Depuis son entrée à Matignon, Michel Barnier a fréquemment évoqué les concepts de « dette publique » et de « dette écologique ». Alors que la dette publique d’un État est une notion définie et quantifiable, atteignant 3 230 milliards d’euros pour la France fin juin, la dette écologique demeure moins claire.
La dette écologique est apparue dans les années 1980, initialement pour décrire l’obligation morale des pays du Nord envers ceux du Sud, en raison de l’exploitation passée des ressources naturelles. Alexandre Rambaud, enseignant-chercheur et codirecteur de la chaire Comptabilité écologique à la Fondation AgroParisTech, souligne que cette idée visait à justifier l’effacement partiel des dettes financières des nations du Sud, bien que cela ait eu un impact limité.
La Quantification de la Dette Écologique
Clément Morlat, coordinateur scientifique de la chaire Comptabilité écologique, affirme qu’il est crucial de mesurer la dette écologique. En évaluant l’état de santé des écosystèmes et leur équilibre, il est possible de déterminer une « dette biophysique ». Par exemple, la directive-cadre européenne sur l’eau utilise divers indicateurs pour évaluer la santé des masses d’eau en Europe, comme le nombre de certaines espèces de poissons.
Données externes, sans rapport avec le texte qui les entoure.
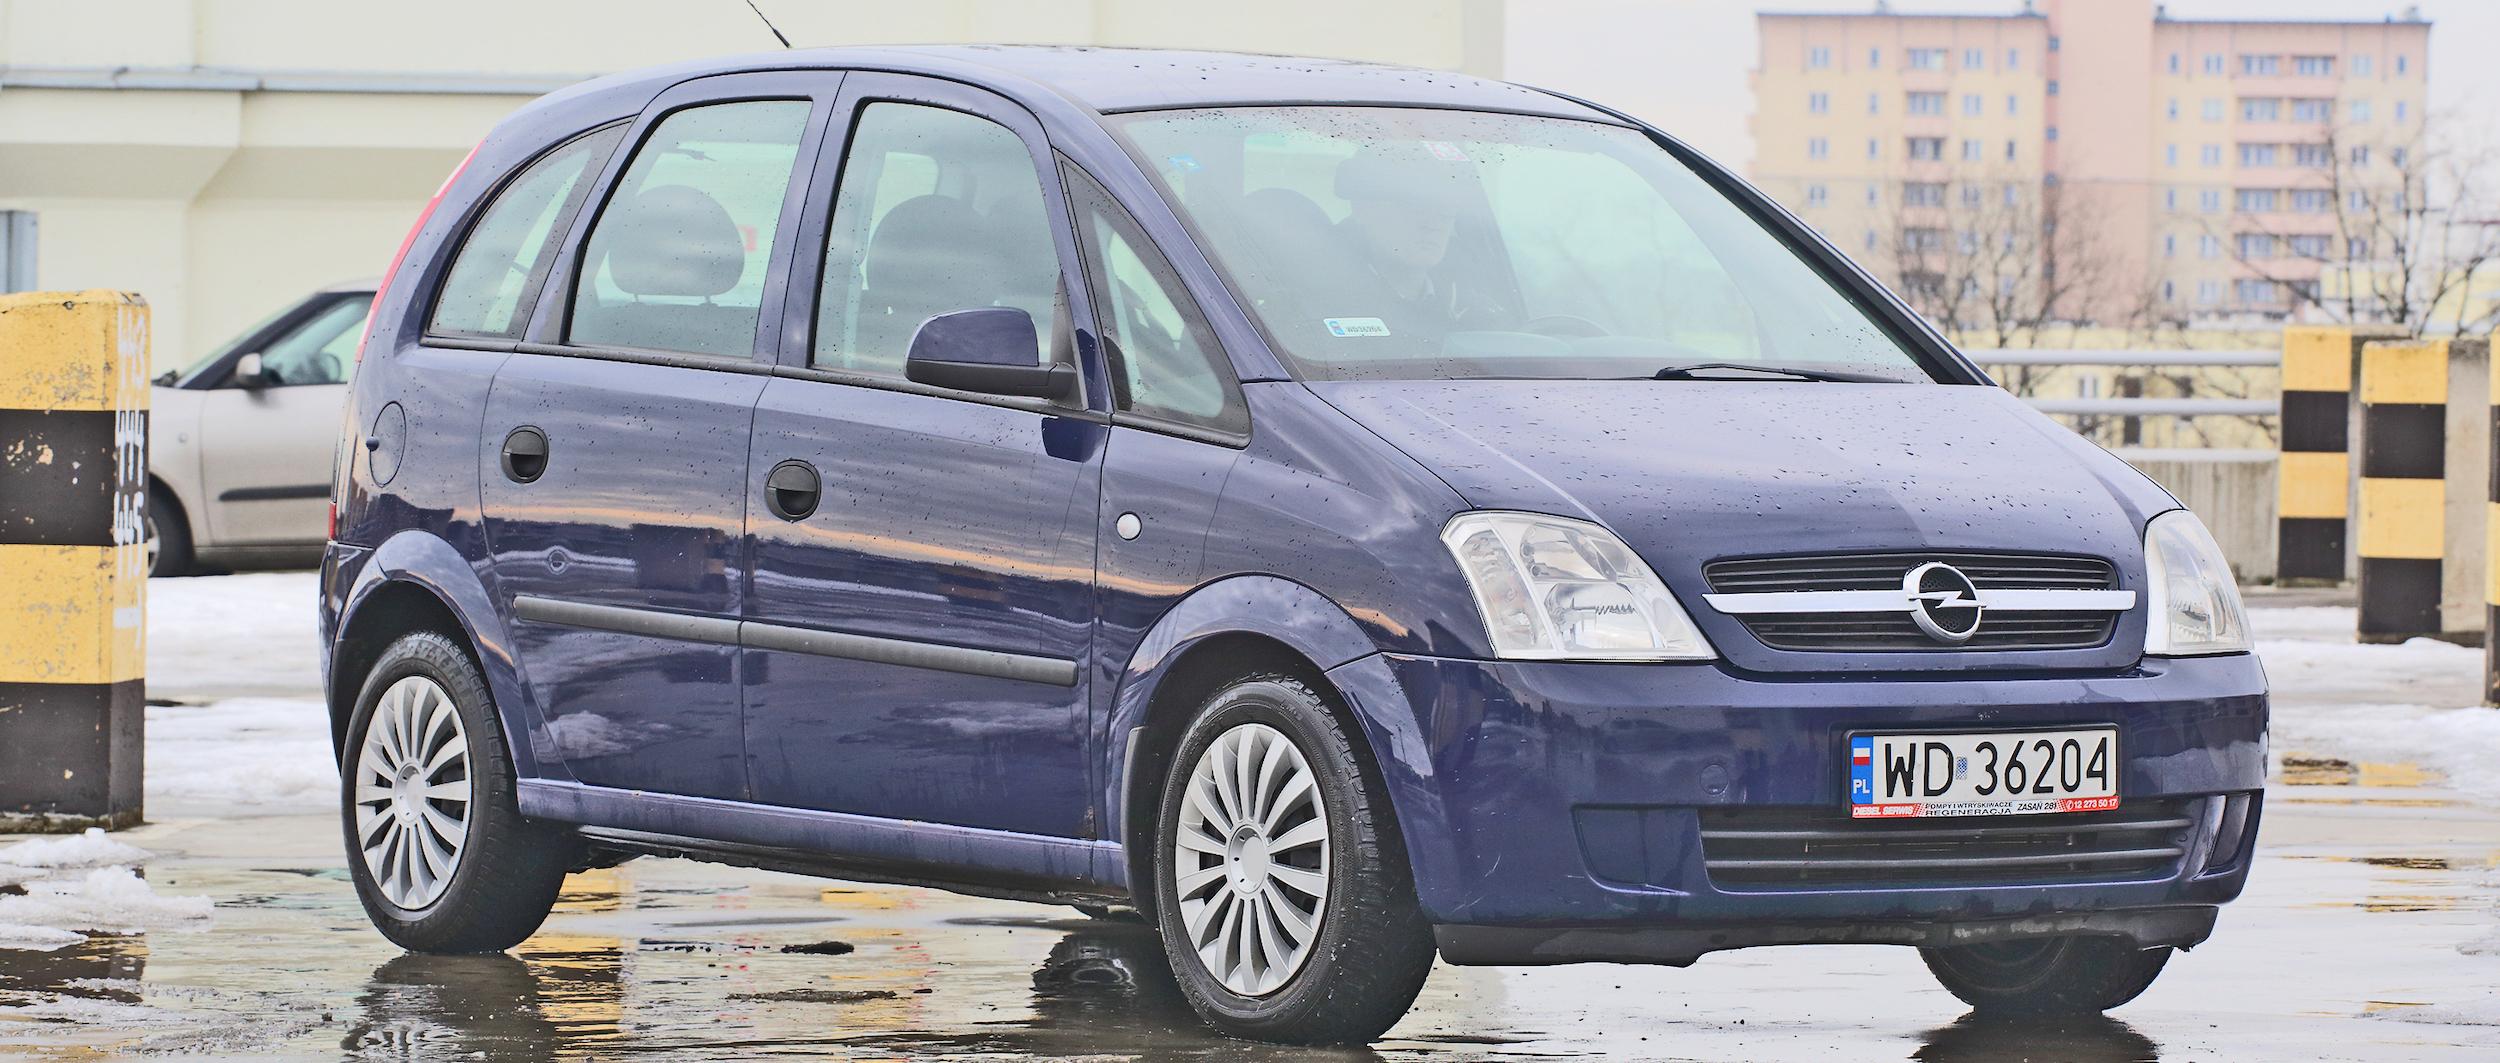 Opel Meriva A(2003-2010)

Pour les sols, la mesure des substances chimiques ou le taux de tassement permet de juger de la dégradation écologique. Selon Morlat, si l’insolvabilité écologique est atteinte, des mesures correctives sont nécessaires pour rétablir l’équilibre, telles que laisser reposer le sol ou instaurer une couverture végétale. Ces actions impliquent des coûts monétaires, traduisant la dette biophysique.
Réduire la Dette Écologique et la Dette Publique
Lucile Schmid de La Fabrique Écologique met en lumière le défi de réduire simultanément la dette écologique et la dette publique. Selon elle, investir pour transformer les systèmes économiques rend difficile la réduction de ces deux types de dettes de manière concomitante.
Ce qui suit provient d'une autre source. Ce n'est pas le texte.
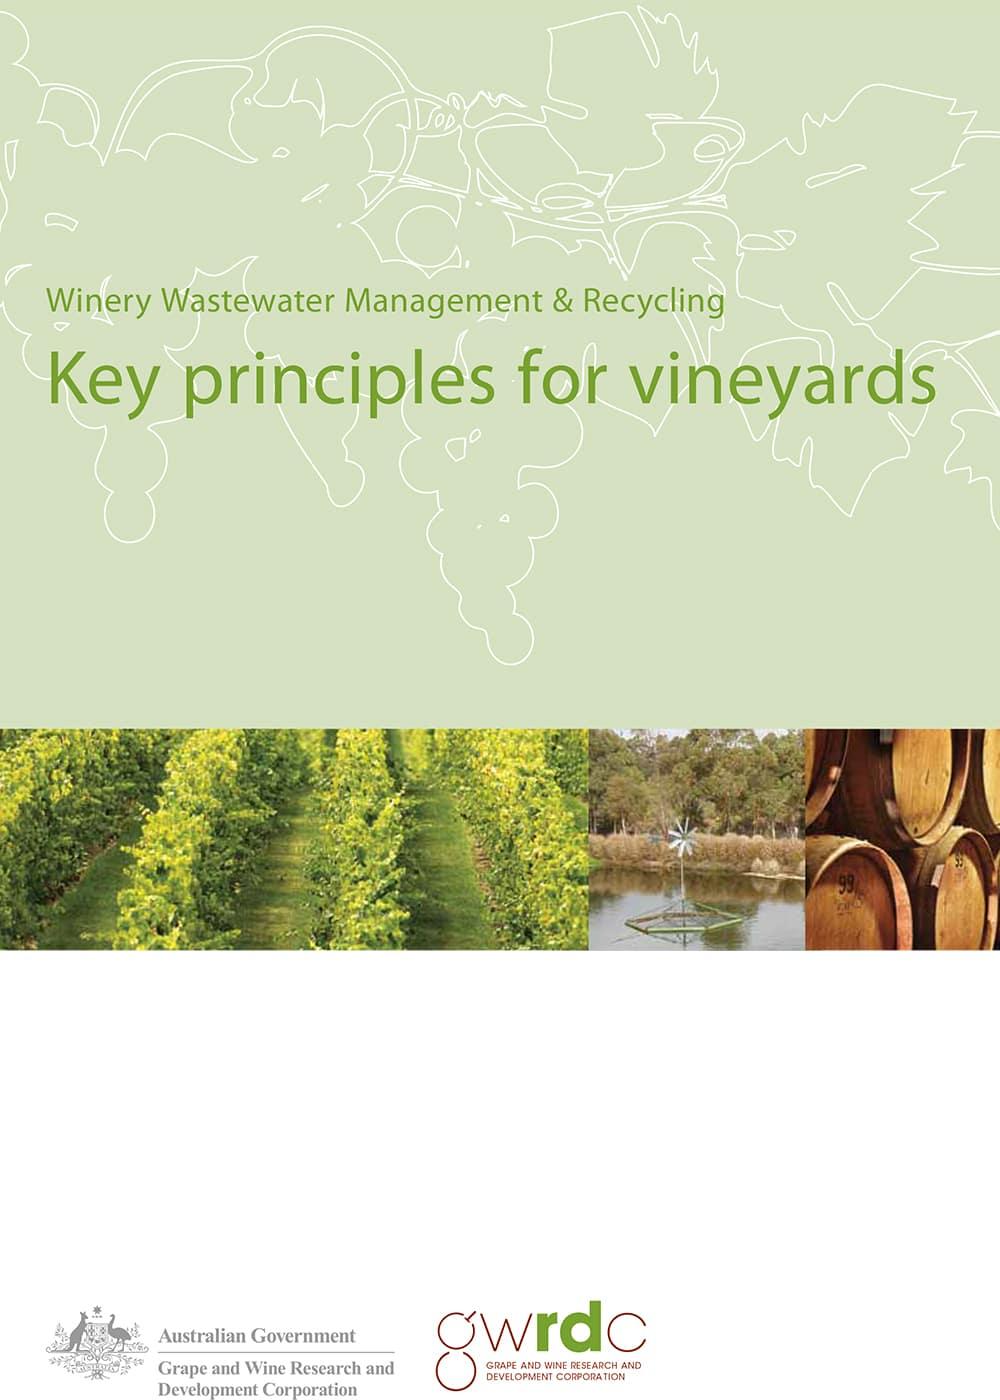 Key principles for vineyards

Le rapport de Jean Pisani-Ferry, économiste, et Selma Mahfouz, inspectrice générale des Finances, publié en mai 2023, estime que des investissements publics et privés supplémentaires de 66 milliards d’euros par an sont nécessaires jusqu’en 2030 pour la transition écologique, englobant climat et biodiversité. Pisani-Ferry considère cet endettement comme « légitime », soulignant qu’il est justifié par l’urgence climatique, contrairement à d’autres motifs d’endettement.
Enjeux de Justice Sociale
La réduction de la dette écologique doit également intégrer des considérations de justice sociale. Lucile Schmid insiste sur l’importance de mesures ciblées pour assurer que les efforts de réduction de la dette écologique bénéficient équitablement à toutes les couches de la société, évitant ainsi des inégalités accrues.